Continuance of Laws Act 1794
- Parliament of Great Britain
- Long title: An act to continue several laws relating to the exportation of culm to Lisbon, and to the ascertaining the strength of spirits by Clarke's hydrometer.
- Citation: 34 Geo. 3. c. 36
- Territorial extent: Great Britain

Dates
- Royal assent: 17 April 1794
- Commencement: 17 April 1794
- Repealed: 21 August 1871

Other legislation
- Amends: See § Continued enactments
- Repealed by: Statute Law Revision Act 1871
- Relates to: See Expiring laws continuance acts

Status: Repealed

Text of statute as originally enacted

= Continuance of Laws Act 1794 =

Act of the Parliament of Great Britain

The Continuance of Laws Act 1794 (34 Geo. 3. c. 36) was an act of the Parliament of Great Britain that continued various older acts.

== Background ==
In the United Kingdom, acts of Parliament remain in force until expressly repealed. Many acts of parliament, however, contained time-limited sunset clauses, requiring legislation to revive enactments that had expired or to continue enactments that would otherwise expire.

== Provisions ==
=== Continued enactments ===
Section 1 of the act continued the Exportation (No. 3) Act 1757 (31 Geo. 2. c. 15) and the Importation and Exportation (No. 7) Act 1772 (13 Geo. 3. c. 70) "for and in respect of all Culm which shall be exported under the Regulations and Restrictions in the said Acts respectively mentioned", from the expiration of those enactments until the end of the next session of parliament after 25 March 1795.

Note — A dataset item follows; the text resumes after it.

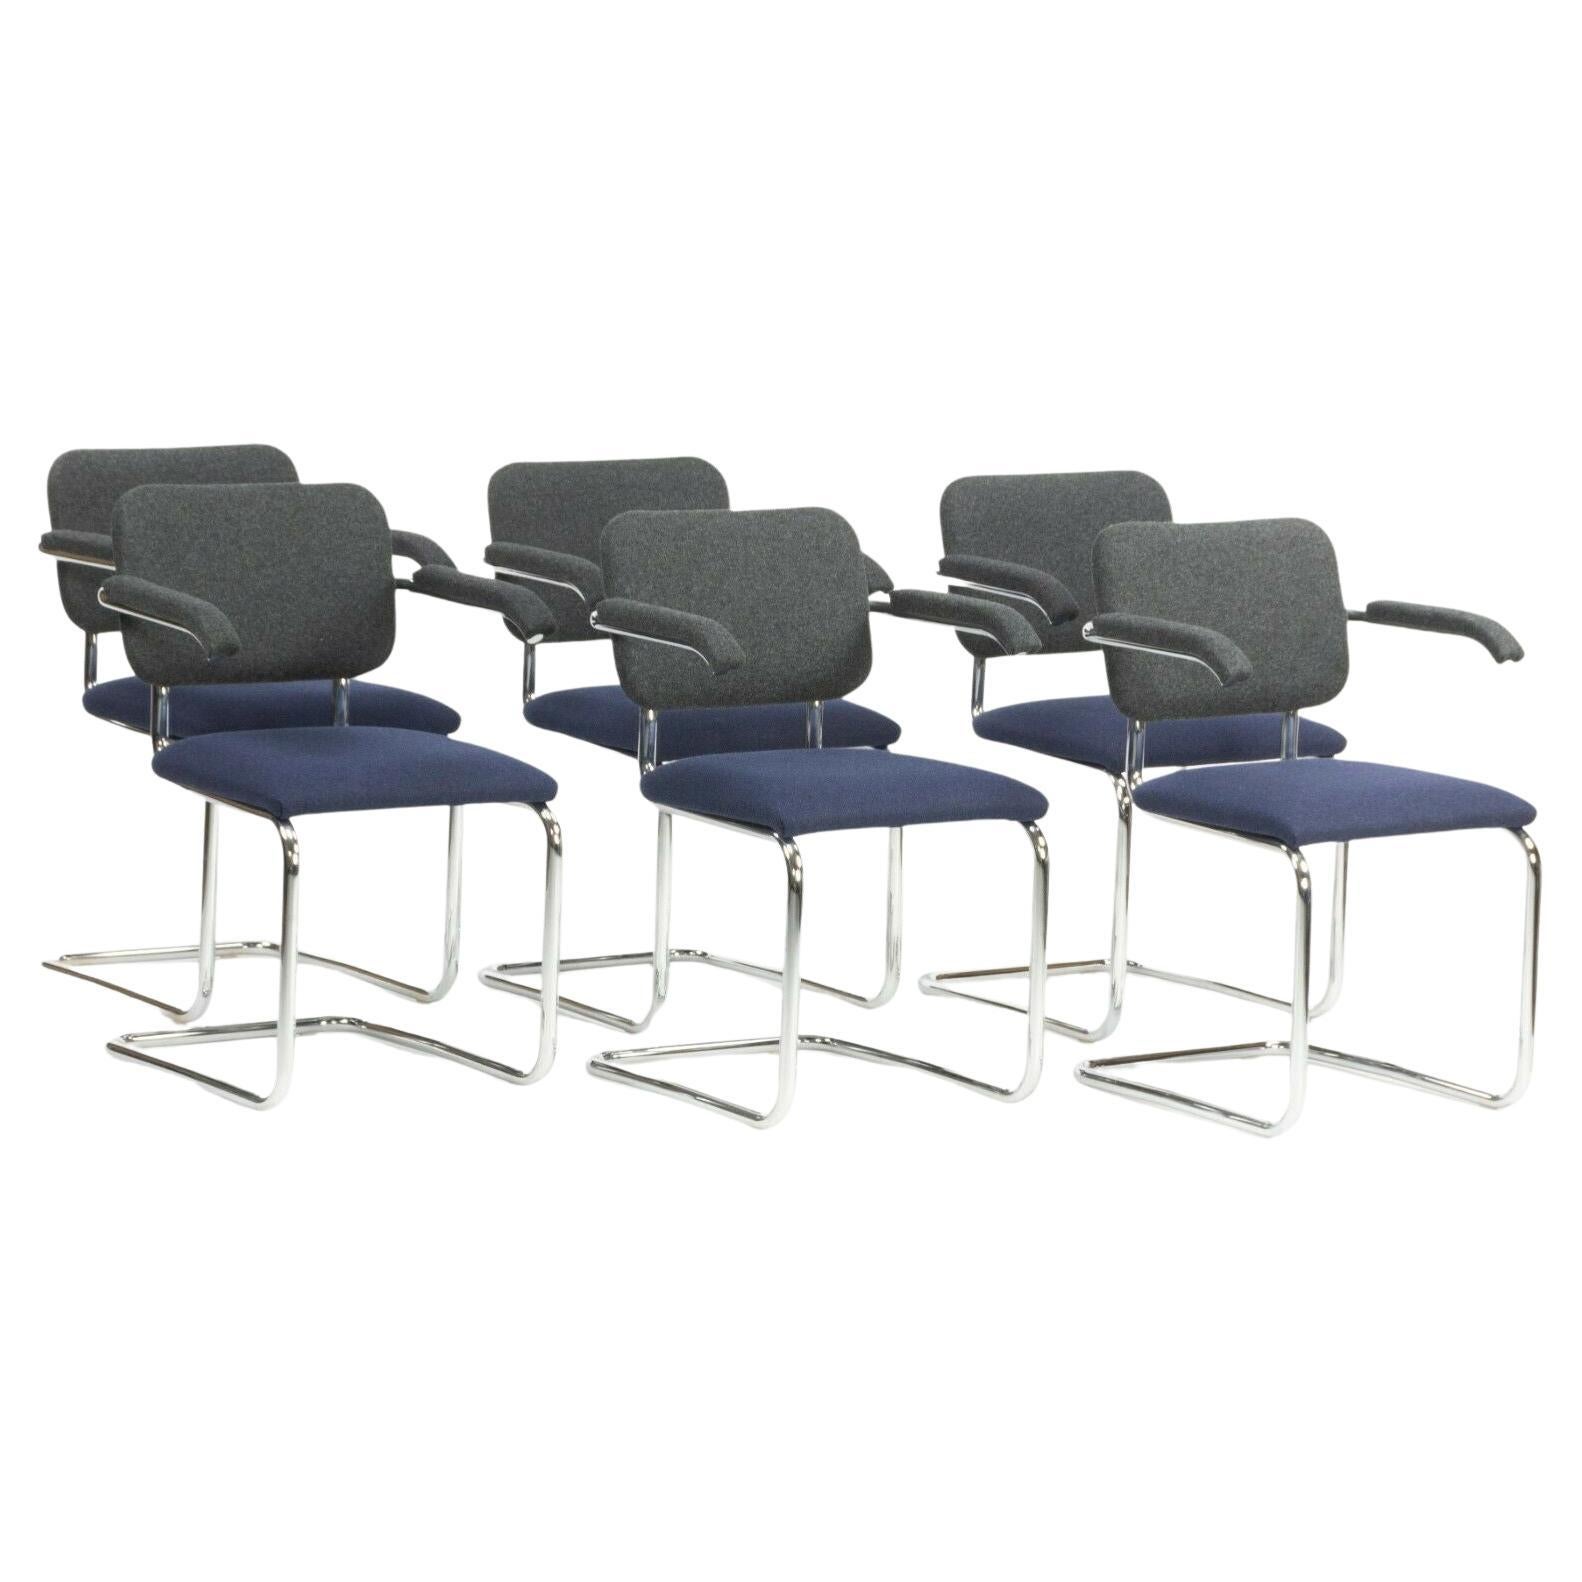 2018 Set of 6 Marcel Breuer for Knoll Studio Navy/Black Fabric Cesca Arm Chairs

Section 2 of the act continued the Exports Act 1787 (27 Geo. 3. c. 31) "as directs that all Spirits shall be deemed and taken to be of the Degree of Strength as Which the Hydrometer, commonly called Clarke's Hydrometer, shall, upon Trial of any Officer or Officers of Excise, denote any such Spirits to be", as continued by the Continuance of Laws Act 1788 (28 Geo. 3. c. 23), the Continuance of Laws Act 1789 (29 Geo. 3. c. 55), the Continuance of Laws Act 1790 (30 Geo. 3. c. 18), the Ascertaining of Strength of Spirits Act 1791 (31 Geo. 3. c. 44), the Continuance of Laws Act 1792 (32 Geo. 3. c. 36) and the Continuance of Laws Act 1793 (33 Geo. 3. c. 40), until the end of the next session of parliament.

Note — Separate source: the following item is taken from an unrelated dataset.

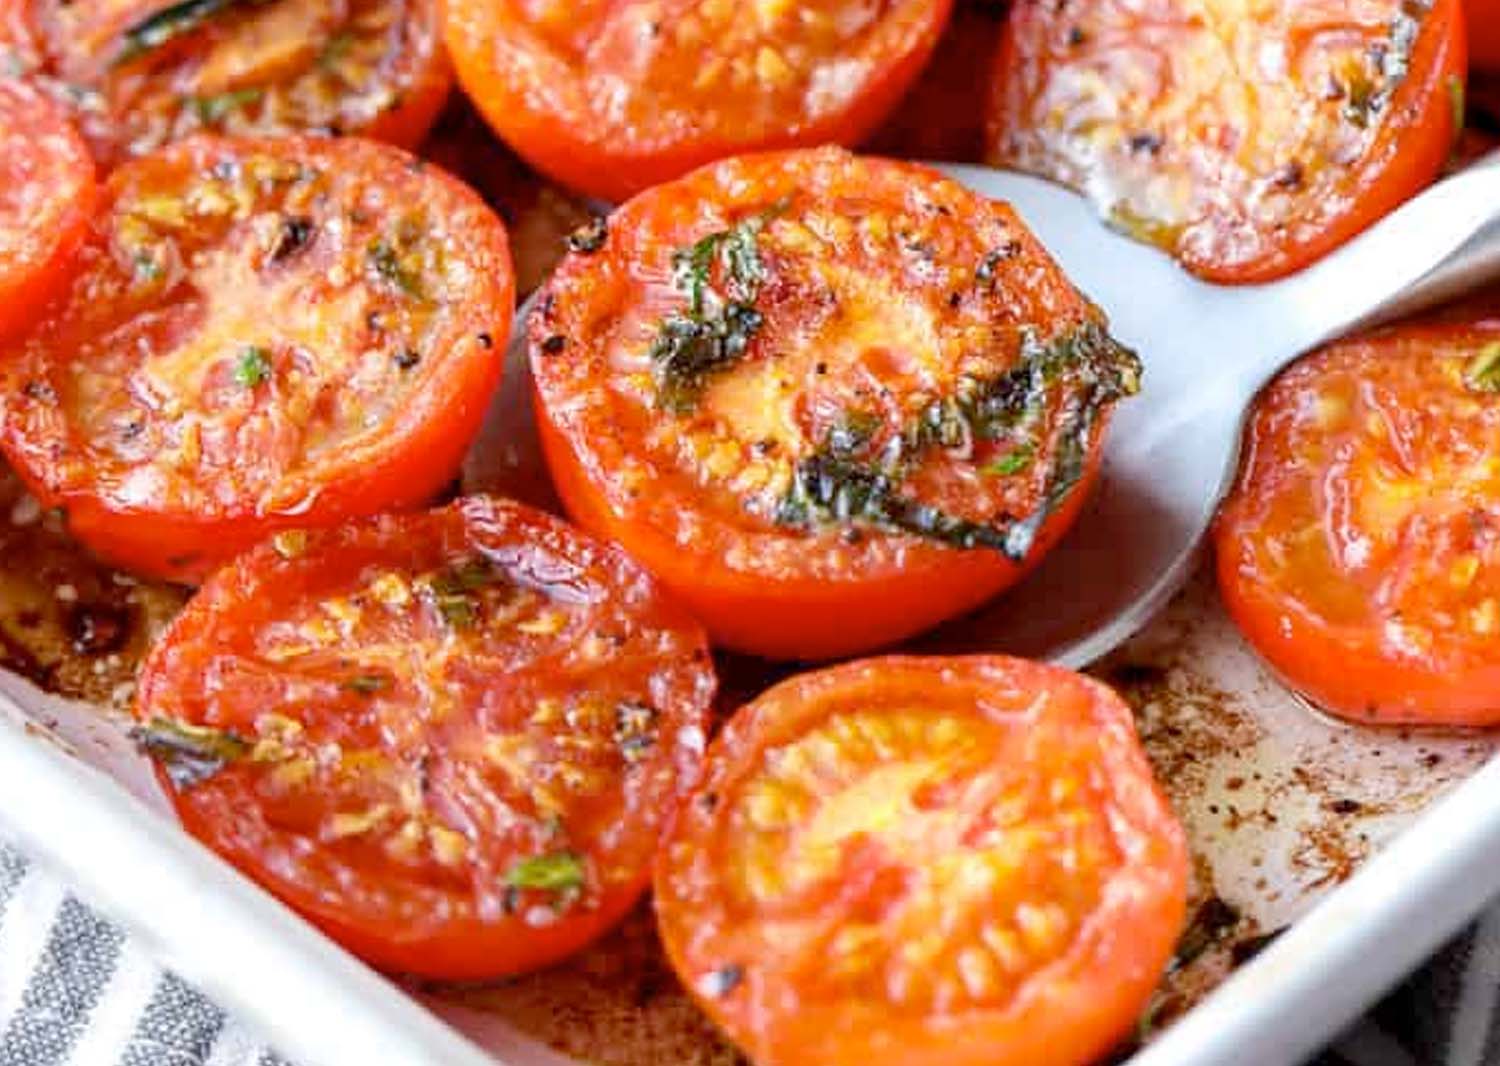 Top Different Ways to Prepare Tomatoes

== Subsequent developments ==
The Select Committee on Temporary Laws, Expired or Expiring, appointed in 1796, inspected and considered all temporary laws, observing irregularities in the construction of expiring laws continuance acts, making recommendations and emphasising the importance of the Committee for Expired and Expiring Laws.

The whole act was repealed by section 1 of, and the schedule to, the Statute Law Revision Act 1871 (34 & 35 Vict. c. 116), which came into force on 21 August 1871.